LooseScan是使用子查詢的查詢列上的索引，只針對相同索引列值的第一條記錄，去外查詢找對應的記錄。使用了這種優化方式的半連接，在explain的計劃的Extra列會有LooseScan字樣。

還是上面的語句，使用semijoin的hint干涉優化器，使其選擇LooseScan的優化策略。

select /*+ semijoin(@subq1 loosescan) */  * from t1 where c1 in (select /*+ qb_name(subq1)*/ c1 from t2 );

greatsql> explain select /*+ semijoin(@subq1 loosescan) */  * from t1 where c1 in (select /*+ qb_name(subq1)*/ c1 from t2 );            
+----+-------------+-------+------------+-------+---------------+--------+---------+------+------+----------+--------------------------------------------+
| id | select_type | table | partitions | type  | possible_keys | key    | key_len | ref  | rows | filtered | Extra                                      |
+----+-------------+-------+------------+-------+---------------+--------+---------+------+------+----------+--------------------------------------------+
|  1 | SIMPLE      | t2  | NULL       | index | idx_c1        | idx_c1 | 123     | NULL |    6 |    50.00 | Using index; LooseScan                     |
|  1 | SIMPLE      | t1  | NULL       | ALL   | NULL          | NULL   | NULL    | NULL |    5 |    20.00 | Using where; Using join buffer (hash join) |
+----+-------------+-------+------------+-------+---------------+--------+---------+------+------+----------+--------------------------------------------+
2 rows in set, 1 warning (0.01 sec)

greatsql> show warnings;
+-------+------+--------------------------------------------------------------------------------------------------------------------------------------------------------------------------------------------------------------+
| Level | Code | Message                                                                                                                                                                                                      |
+-------+------+--------------------------------------------------------------------------------------------------------------------------------------------------------------------------------------------------------------+
| Note  | 1003 | /* select#1 */ select /*+ SEMIJOIN(@`subq1` LOOSESCAN) */ `test`.`t1`.`c1` AS `c1`,`test`.`t1`.`c2` AS `c2` from `test`.`t1` semi join (`test`.`t2`) where (`test`.`t1`.`c1` = `test`.`t2`.`c1`) |
+-------+------+--------------------------------------------------------------------------------------------------------------------------------------------------------------------------------------------------------------+
1 row in set (0.00 sec)

從執行計劃可以看出，子查詢的表t2作為驅動表，t2表的c1列上有索引，對錶t2進行訪問時，使用其c1列的索引，對相同的索引列值只取第一條記錄去t1表中找對應記錄，將所有外查詢表t1對應的記錄都加入到最終結果集，可以理解為對子查詢t2表的索引掃描方式是跳躍式的。

4.Duplicate Weedout重覆值消除

這種方式是藉助臨時表來消除重覆值，explain展示計劃時，在extra列會出現Start temporary 和 End temporary的字樣。

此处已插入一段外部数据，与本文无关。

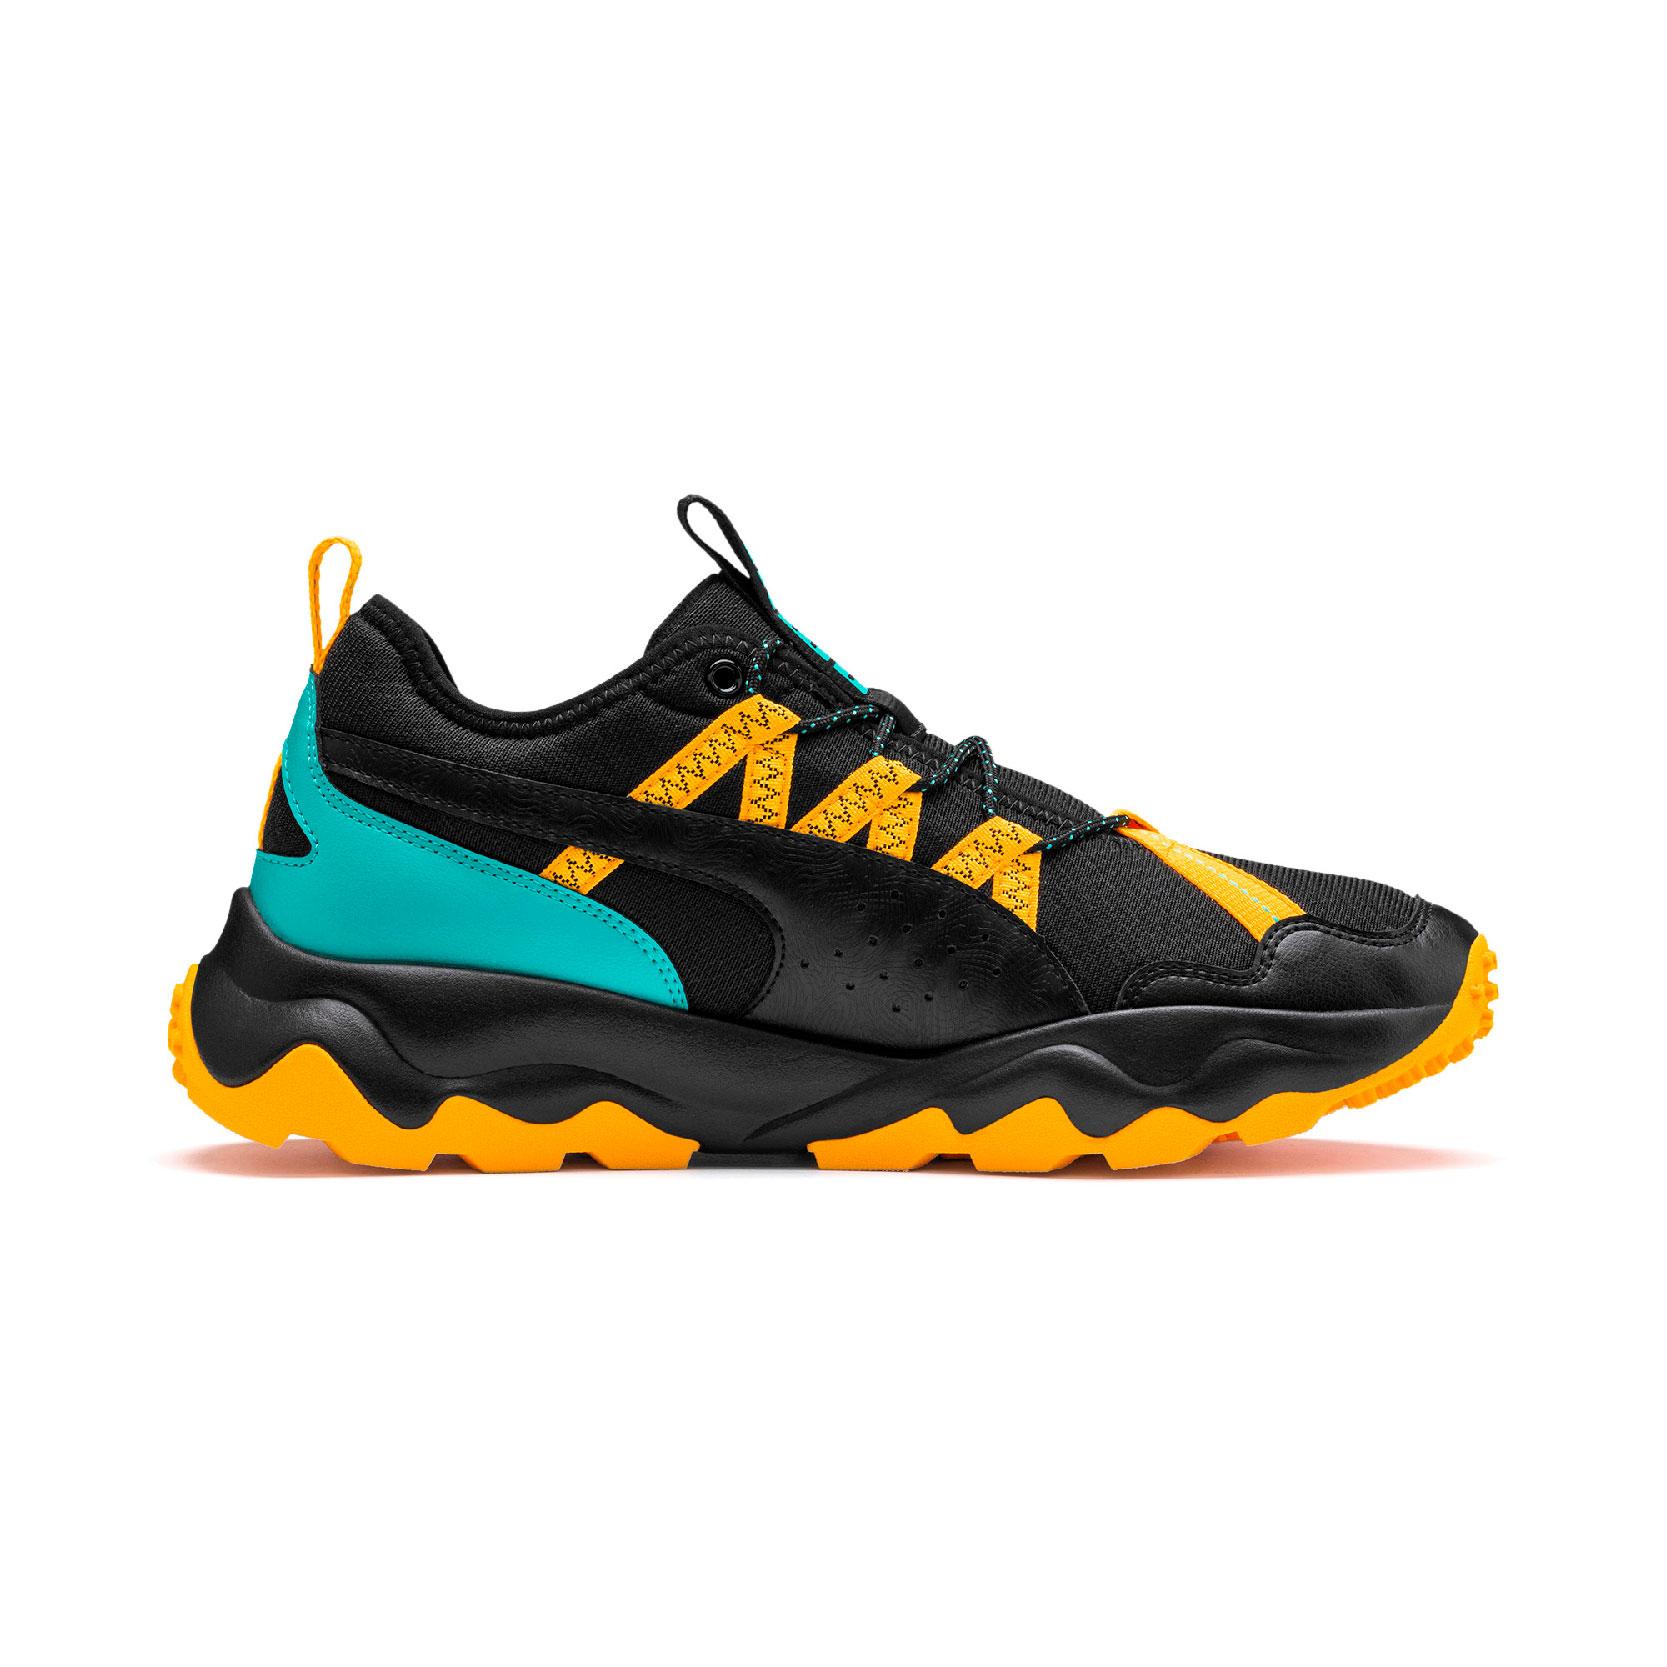 Puma Men's Ember TRL Running Shoes 1

還是上面的語句，我們使用semijoin的hint干涉優化器，使其選擇dupsweedout優化策略。

greatsql> explain select /*+ semijoin(@subq1 dupsweedout)*/ * from t1 where c1 in (select /*+ qb_name(subq1)*/ c1 from t2);
+----+-------------+-------+------------+------+---------------+--------+---------+--------------+------+----------+---------------------------------------------+
| id | select_type | table | partitions | type | possible_keys | key    | key_len | ref          | rows | filtered | Extra                                       |
+----+-------------+-------+------------+------+---------------+--------+---------+--------------+------+----------+---------------------------------------------+
|  1 | SIMPLE      | t1  | NULL       | ALL  | NULL          | NULL   | NULL    | NULL         |    4 |   100.00 | Using where                                 |
|  1 | SIMPLE      | t2  | NULL       | ref  | idx_c1        | idx_c1 | 123     | test.t1.c1 |    2 |   100.00 | Using index; Start temporary; End temporary |
+----+-------------+-------+------------+------+---------------+--------+---------+--------------+------+----------+---------------------------------------------+
2 rows in set, 1 warning (0.00 sec)

greatsql> show warnings;
+-------+------+----------------------------------------------------------------------------------------------------------------------------------------------------------------------------------------------------------------+
| Level | Code | Message                                                                                                                                                                                                        |
+-------+------+----------------------------------------------------------------------------------------------------------------------------------------------------------------------------------------------------------------+
| Note  | 1003 | /* select#1 */ select /*+ SEMIJOIN(@`subq1` DUPSWEEDOUT) */ `test`.`t1`.`c1` AS `c1`,`test`.`t1`.`c2` AS `c2` from `test`.`t1` semi join (`test`.`t2`) where (`test`.`t2`.`c1` = `test`.`t1`.`c1`) |
+-------+------+----------------------------------------------------------------------------------------------------------------------------------------------------------------------------------------------------------------+
1 row in set (0.00 sec)

例如：t1表的記錄（'b',3）,可以匹配上t2表的兩條記錄(3,'b'),(4,'b')，為了消除關聯結果的重覆值，可以想象建立這樣一個臨時表：

create table tmp(rowid int primary key);

當把t1表的記錄加入到結果集時，先把這條記錄的rowid加入到臨時表中，如果添加成功，說明這條記錄並沒有加入到最後的結果集，如果添加失敗，則說明t1表的這條記錄已經加入到最終結果集了

個人感覺這種方式比其他方式效率低。

5.Semi-join Materialization（半連接物化）

先把IN 子句中的不相關子查詢進行物化，然後再將外層查詢的表與物化表進行連接。子查詢內部有分組聚合運算時通常會先進行物化處理。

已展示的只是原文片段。